Kassoy is also an advisor to Singapore-based Arowana, which last month launched a $S120 million (US$93 million) B Corp holding company, AIC Group Holdings. A group of B Lab veterans are developing a similar holding company in Latin America.

“I believe we will see more and more of these vehicles globally as people come to realize how broken are the existing capital markets for values-led businesses,” Kassoy wrote on LinkedIn.

Quality jobs

Roy Swan, who heads Ford’s mission investments, is a longtime advocate of higher quality jobs, including employee ownership (disclosure: Ford Foundation is an investor in ImpactAlpha). With its grant dollars, Ford was one of the first outside contributors to Ownership Works, the nonprofit private-equity industry vehicle launched by KKR’s Pete Stavros (for background, see our Q&A, “Employee ownership is a competitive advantage in private equity”).  

Ford’s mission investment portfolio includes HCAP Partners, which provides mezzanine debt and private equity for medium-sized businesses and helps them add opportunities for career advancement, wealth creation and health and well-being (listen to the podcast, “Finding alpha with a ‘gainful jobs’ strategy”).

Lafayette Square, which emphasizes low- to moderate income workers and communities, focuses on employee benefits through its “worker solutions” platform (see, “Lafayette Square is banking on low-income communities and worker solutions”)

“World-class operations are not achievable without meaningful investment in corporate culture and human capital,” Swan said in a statement.

Swan introduced LeeKong to Zeynep Ton, a co-founder of the Good Jobs Institute and a professor at MIT’s Sloan School of Management. The institute highlights companies, including Trader Joe’s, Costco and QuikTrip, that have outperformed their peers in customer satisfaction and financial performance, in part by prioritizing jobs fair compensation, comprehensive benefits, and career advancement opportunities.

Such companies, she said, “create a powerful ripple effect that extends beyond individual well-being to improve customer value, reduce turnover, fuel productivity, and foster sustainable business growth.”

Liquidity concerns

Impact-oriented holdcos have experienced varying degrees of success raising capital. In 2018, ImpactAlpha wrote that “breaking the chains of the 10-year fund is harder than it looks.”
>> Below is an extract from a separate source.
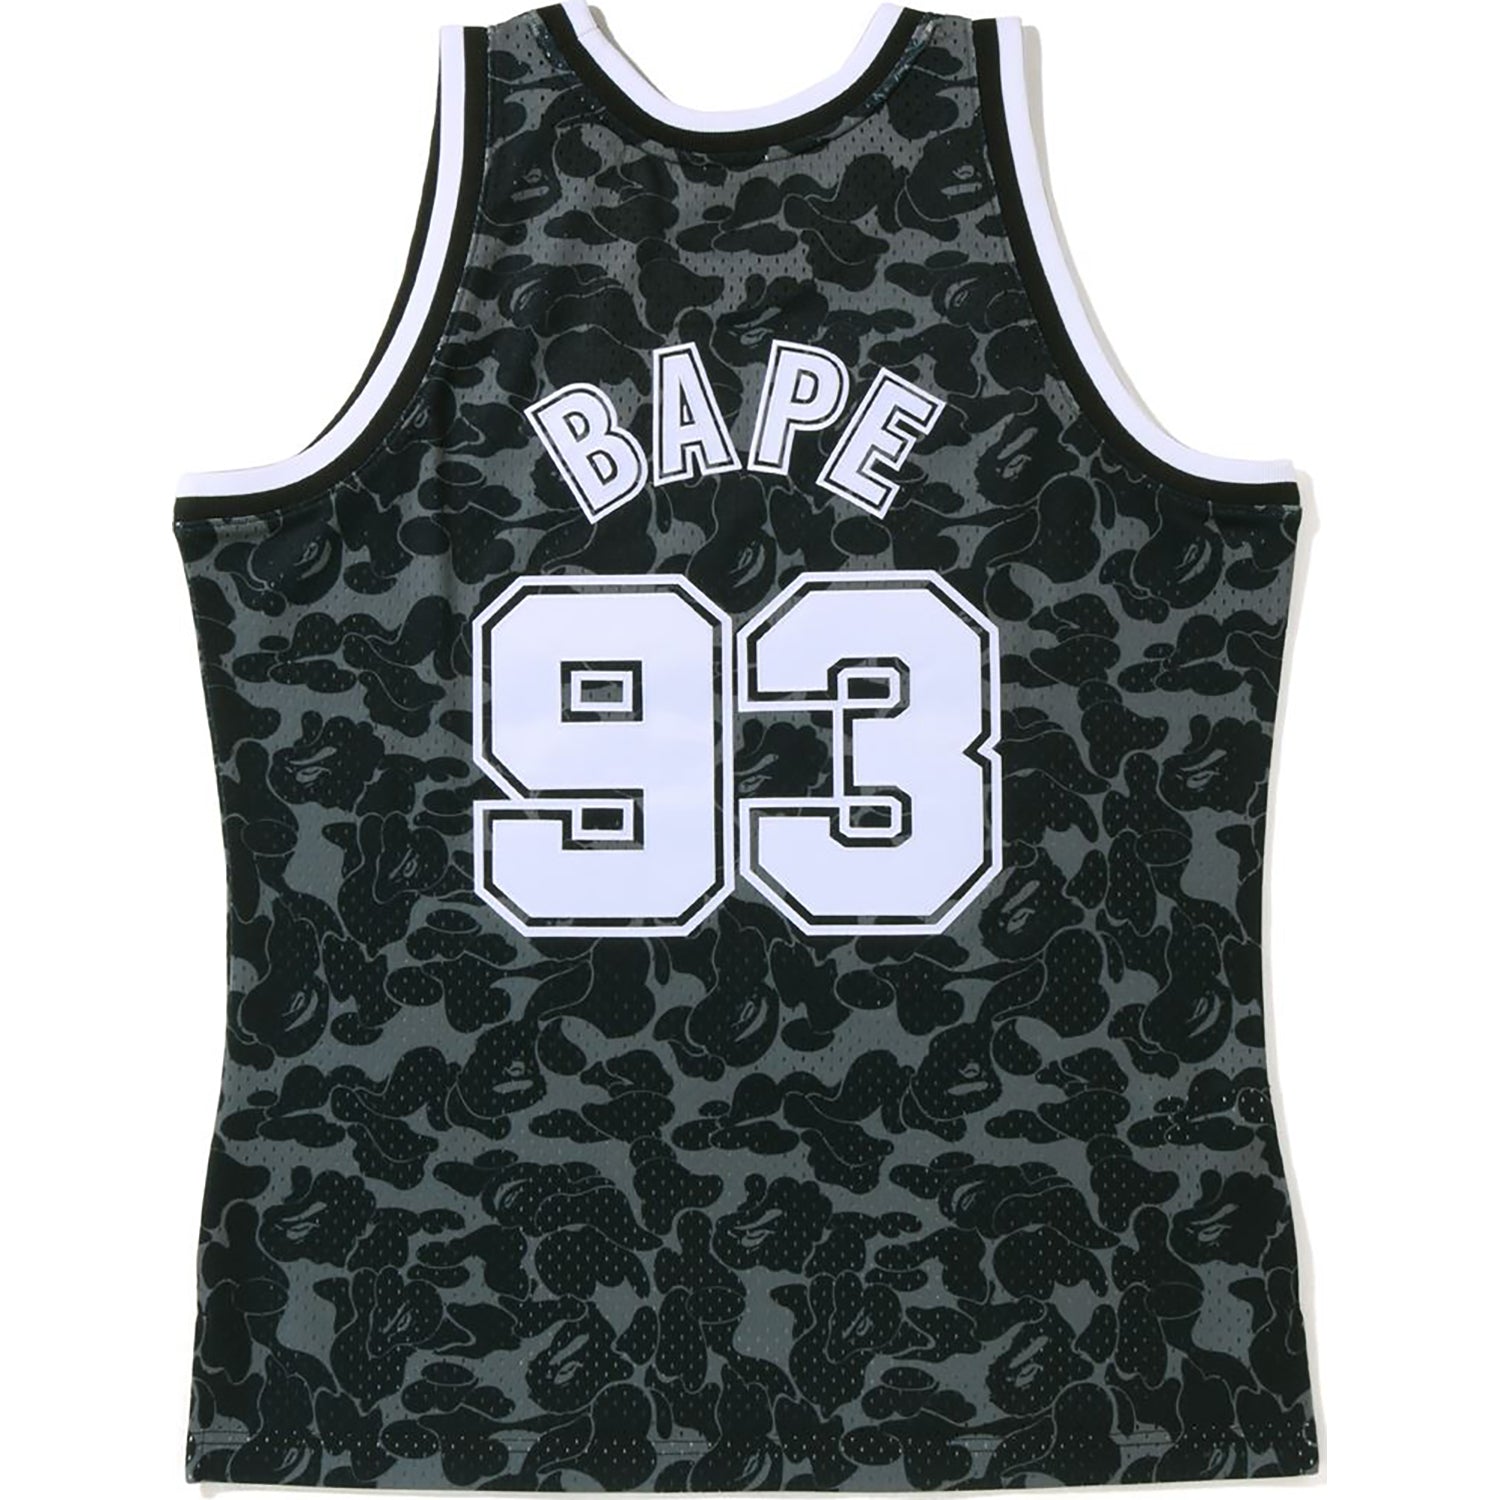 BAPE x Mitchell & Ness New Jersey Nets Shorts Black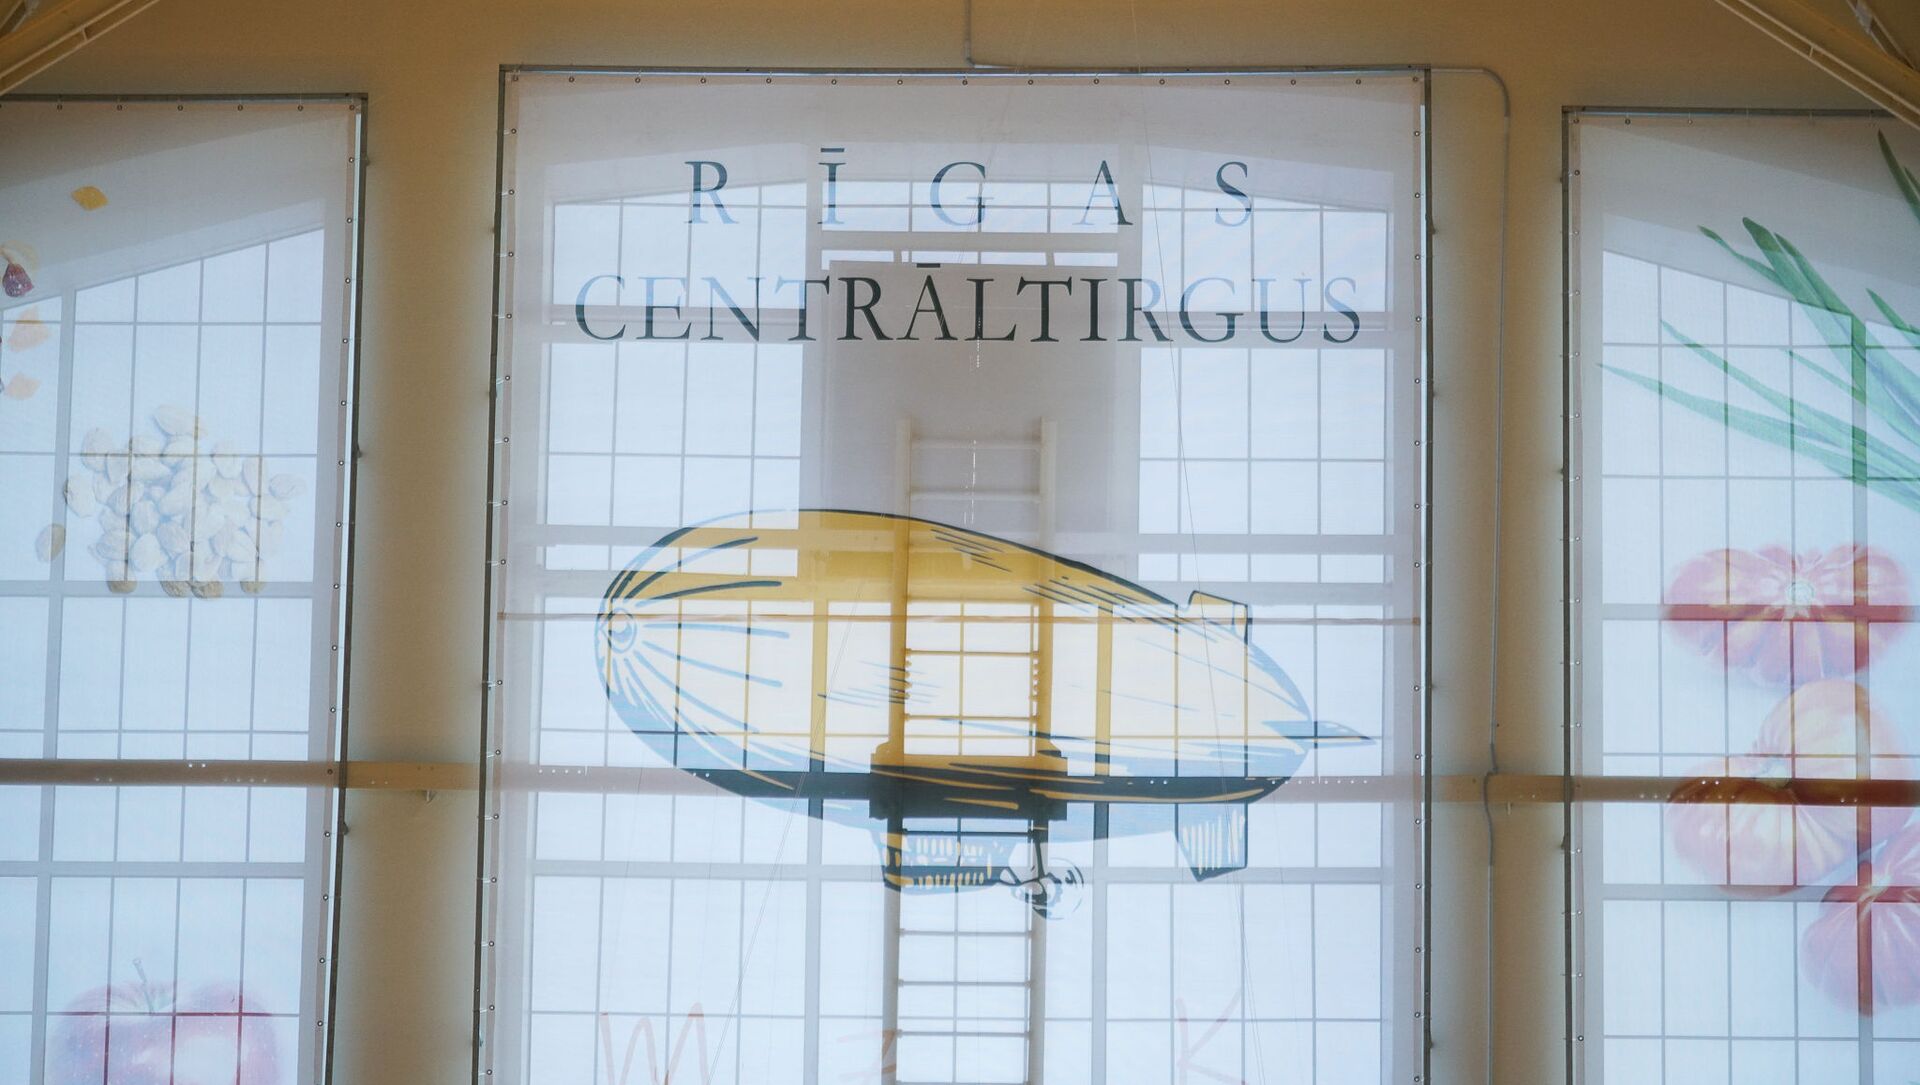 Открытие гастрономического павильона на Рижском центральном рынке - Sputnik Латвия, 1920, 01.04.2021

Ford did not disclose the size of its investment in Nine Dean, but Kassoy said the commitment “gives us the capital to make a pretty significant first transaction.” He said Nine Dean was looking to raise several hundred million dollars. Additional financing strategies will become possible as the portfolio grows, he says, including stock transactions that leverage the value of the other holdings. 

“There have been some other holding companies, but their size presents real challenges  if you have more audacious goals,” he said. “If you want to buy sizable companies, buy brand names that you’ve heard of, make significant changes at those companies, you need to have sufficient scale.”

He said mechanisms are available to provide liquidity to investors, including redemption periods and public-markets strategies, but no such provisions have yet been made. 

“The kind of investors we are having conversations with are not demanding that,” he said. “In the short term, it’s important that we have the right kind of investors so we have the patience to build for the long term.”